AIM OF THE EXERCISE => No pictures belong in the result; set down exactly the lines from the one containing "۶ راهِ بیدار شدن بدون قهوه" through the final line of the listing, and nothing more.

DATASET SECTION =>

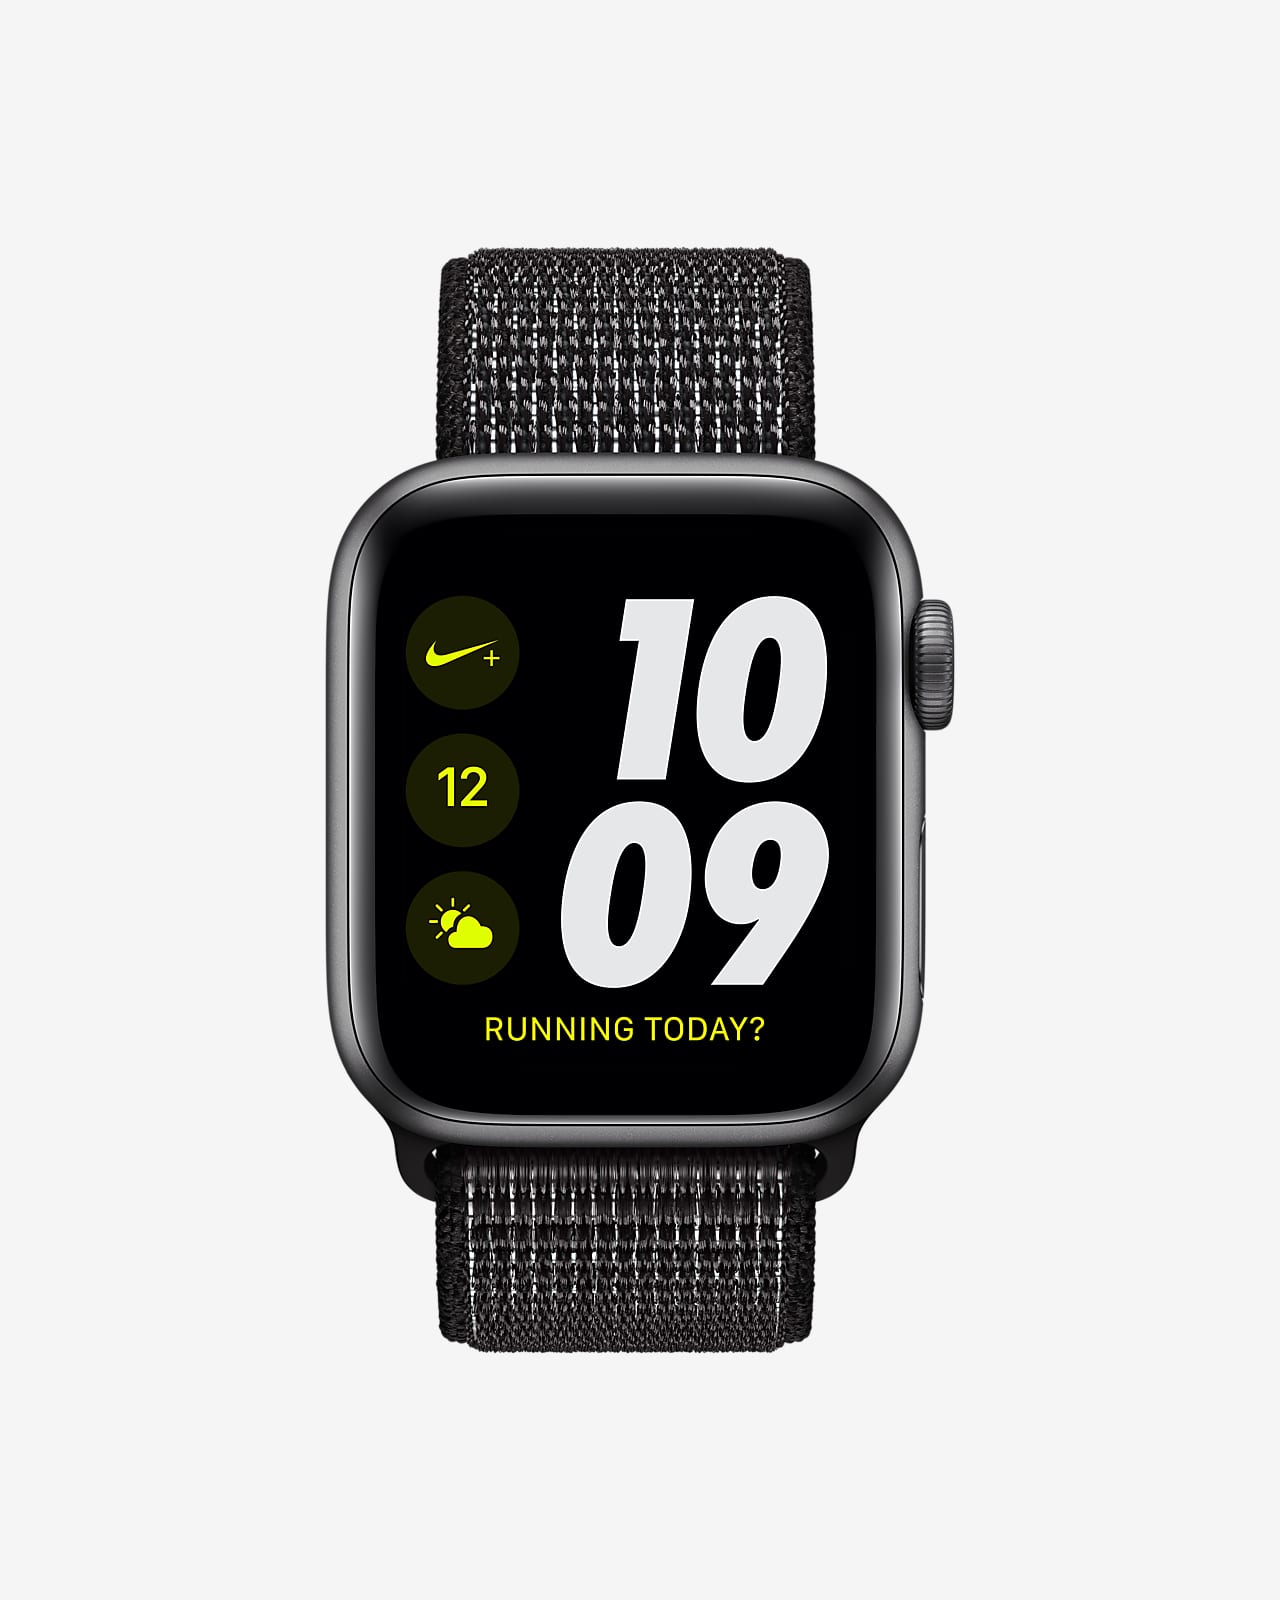 Apple Watch Nike+ Series 4 - 40mm
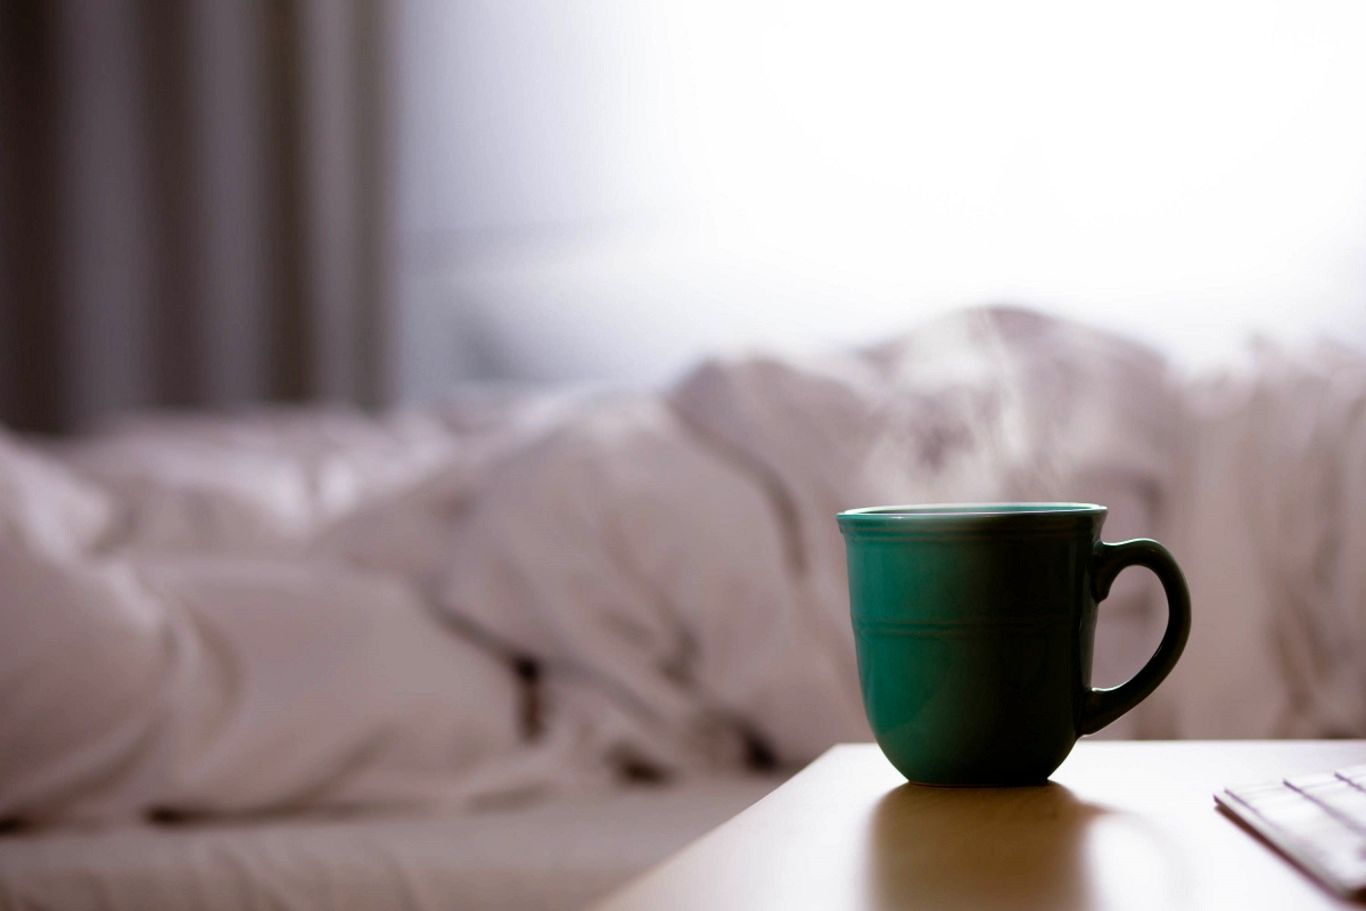 ۶ راهِ بیدار شدن بدون قهوه
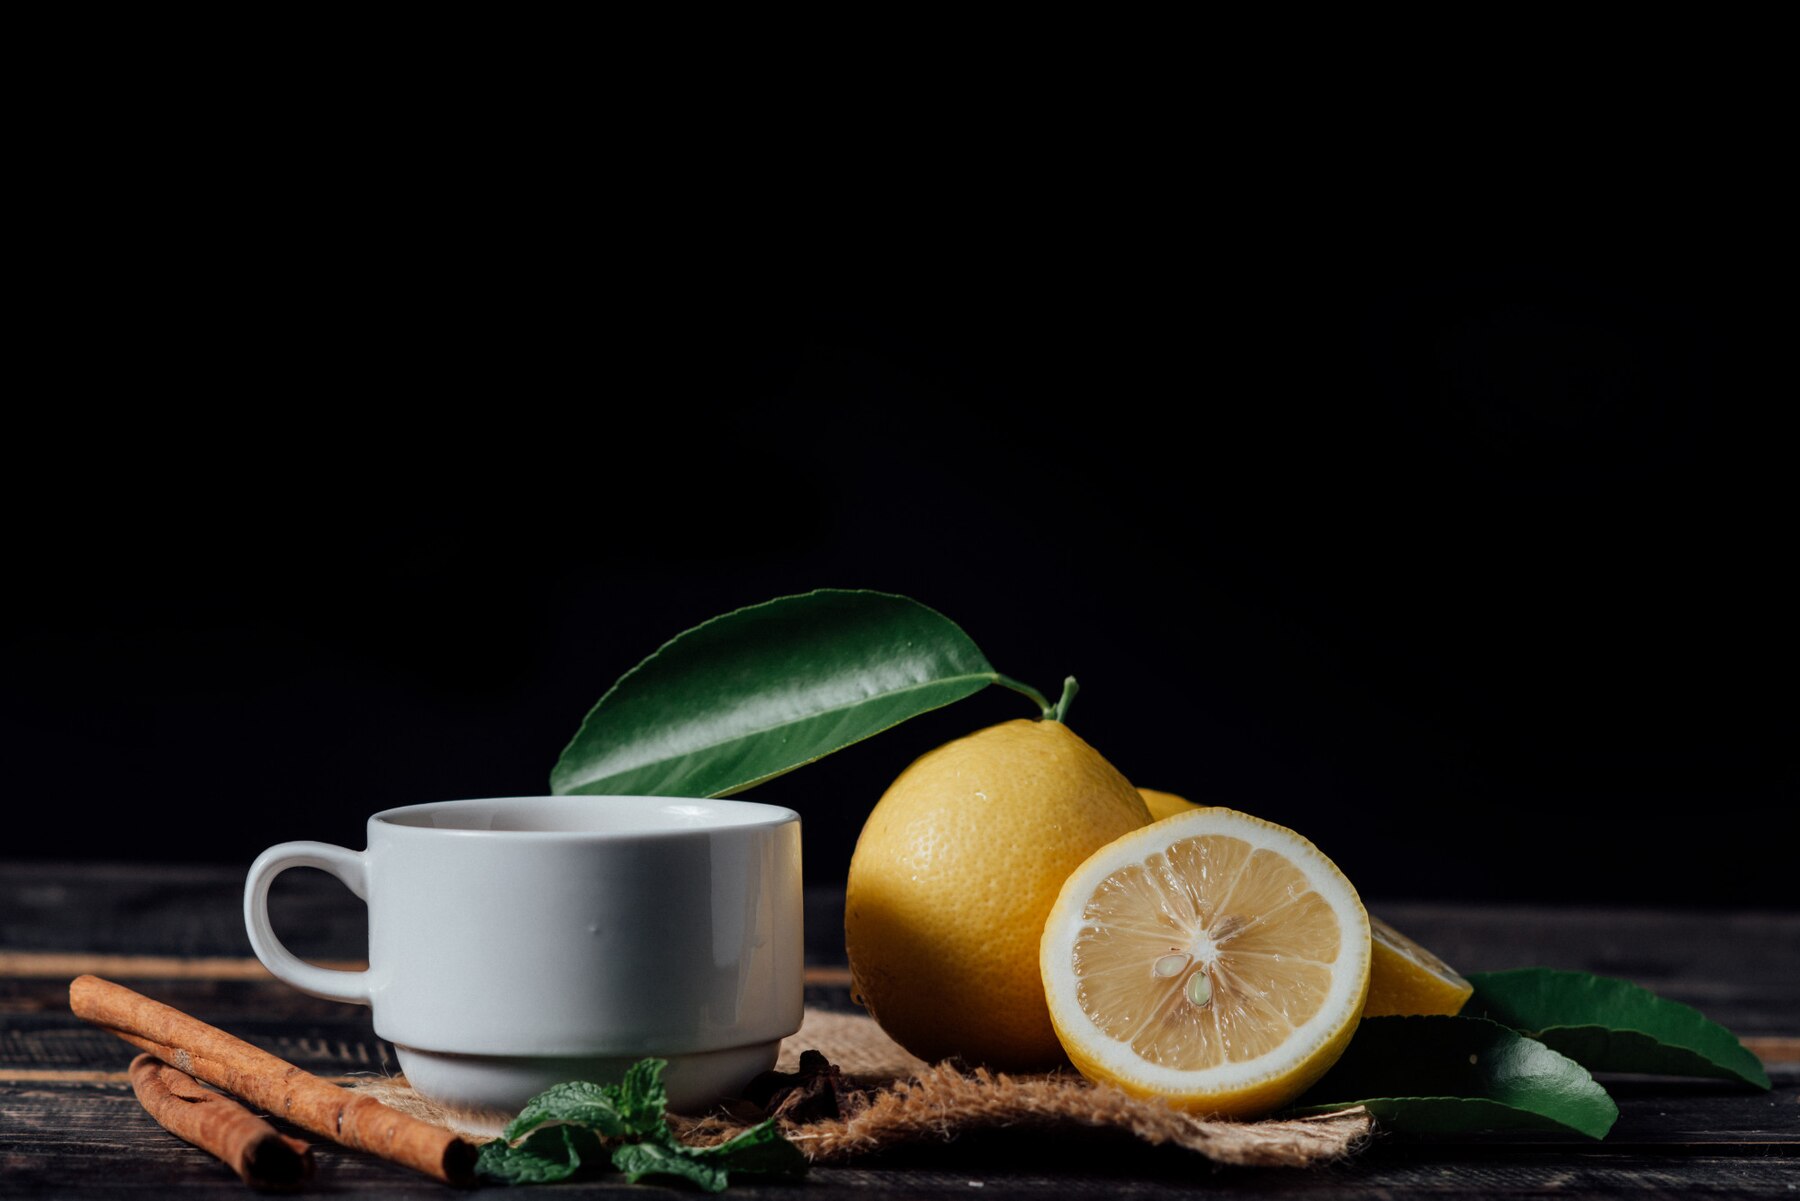 glasses-of-tea-with-lemon-sliced-lemons-on-a-chopping-board_1150-8942.jpg

RESULT =>
 ۶ راهِ بیدار شدن بدون قهوه
 glasses-of-tea-with-lemon-sliced-lemons-on-a-chopping-board_1150-8942.jpg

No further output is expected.